Assignment: Print the line that has "Transgender female ballera" in it, then every remaining line of the data, exactly and without anything extra.

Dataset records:
┌──
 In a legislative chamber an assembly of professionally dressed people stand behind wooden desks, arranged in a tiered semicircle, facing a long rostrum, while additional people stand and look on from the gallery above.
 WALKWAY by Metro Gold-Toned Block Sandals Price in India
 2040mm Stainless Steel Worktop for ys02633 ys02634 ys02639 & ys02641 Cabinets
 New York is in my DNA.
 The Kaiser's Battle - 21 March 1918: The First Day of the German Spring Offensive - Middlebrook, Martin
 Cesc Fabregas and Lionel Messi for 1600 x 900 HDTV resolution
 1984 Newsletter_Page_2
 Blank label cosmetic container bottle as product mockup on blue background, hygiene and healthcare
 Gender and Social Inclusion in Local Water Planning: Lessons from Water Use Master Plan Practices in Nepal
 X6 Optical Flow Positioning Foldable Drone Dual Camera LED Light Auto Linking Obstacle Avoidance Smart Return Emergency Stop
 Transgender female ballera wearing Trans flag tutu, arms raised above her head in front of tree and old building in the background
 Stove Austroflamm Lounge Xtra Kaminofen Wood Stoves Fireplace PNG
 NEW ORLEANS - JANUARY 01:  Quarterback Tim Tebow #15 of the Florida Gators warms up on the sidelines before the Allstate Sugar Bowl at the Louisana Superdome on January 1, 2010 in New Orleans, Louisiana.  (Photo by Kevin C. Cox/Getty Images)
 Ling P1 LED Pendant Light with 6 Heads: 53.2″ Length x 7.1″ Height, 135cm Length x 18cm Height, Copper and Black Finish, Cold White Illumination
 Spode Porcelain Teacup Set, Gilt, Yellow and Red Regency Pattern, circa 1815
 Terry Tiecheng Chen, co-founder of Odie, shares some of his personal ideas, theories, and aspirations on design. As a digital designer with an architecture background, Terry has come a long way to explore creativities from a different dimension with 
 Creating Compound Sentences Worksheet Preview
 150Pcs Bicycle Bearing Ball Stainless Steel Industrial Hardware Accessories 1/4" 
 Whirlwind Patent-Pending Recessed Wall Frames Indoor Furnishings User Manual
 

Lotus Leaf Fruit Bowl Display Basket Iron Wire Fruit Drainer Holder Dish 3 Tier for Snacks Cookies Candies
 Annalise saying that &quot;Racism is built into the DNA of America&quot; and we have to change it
└──
Task solution:
 Transgender female ballera wearing Trans flag tutu, arms raised above her head in front of tree and old building in the background
 Stove Austroflamm Lounge Xtra Kaminofen Wood Stoves Fireplace PNG
 NEW ORLEANS - JANUARY 01:  Quarterback Tim Tebow #15 of the Florida Gators warms up on the sidelines before the Allstate Sugar Bowl at the Louisana Superdome on January 1, 2010 in New Orleans, Louisiana.  (Photo by Kevin C. Cox/Getty Images)
 Ling P1 LED Pendant Light with 6 Heads: 53.2″ Length x 7.1″ Height, 135cm Length x 18cm Height, Copper and Black Finish, Cold White Illumination
 Spode Porcelain Teacup Set, Gilt, Yellow and Red Regency Pattern, circa 1815
 Terry Tiecheng Chen, co-founder of Odie, shares some of his personal ideas, theories, and aspirations on design. As a digital designer with an architecture background, Terry has come a long way to explore creativities from a different dimension with 
 Creating Compound Sentences Worksheet Preview
 150Pcs Bicycle Bearing Ball Stainless Steel Industrial Hardware Accessories 1/4" 
 Whirlwind Patent-Pending Recessed Wall Frames Indoor Furnishings User Manual
 

Lotus Leaf Fruit Bowl Display Basket Iron Wire Fruit Drainer Holder Dish 3 Tier for Snacks Cookies Candies
 Annalise saying that &quot;Racism is built into the DNA of America&quot; and we have to change it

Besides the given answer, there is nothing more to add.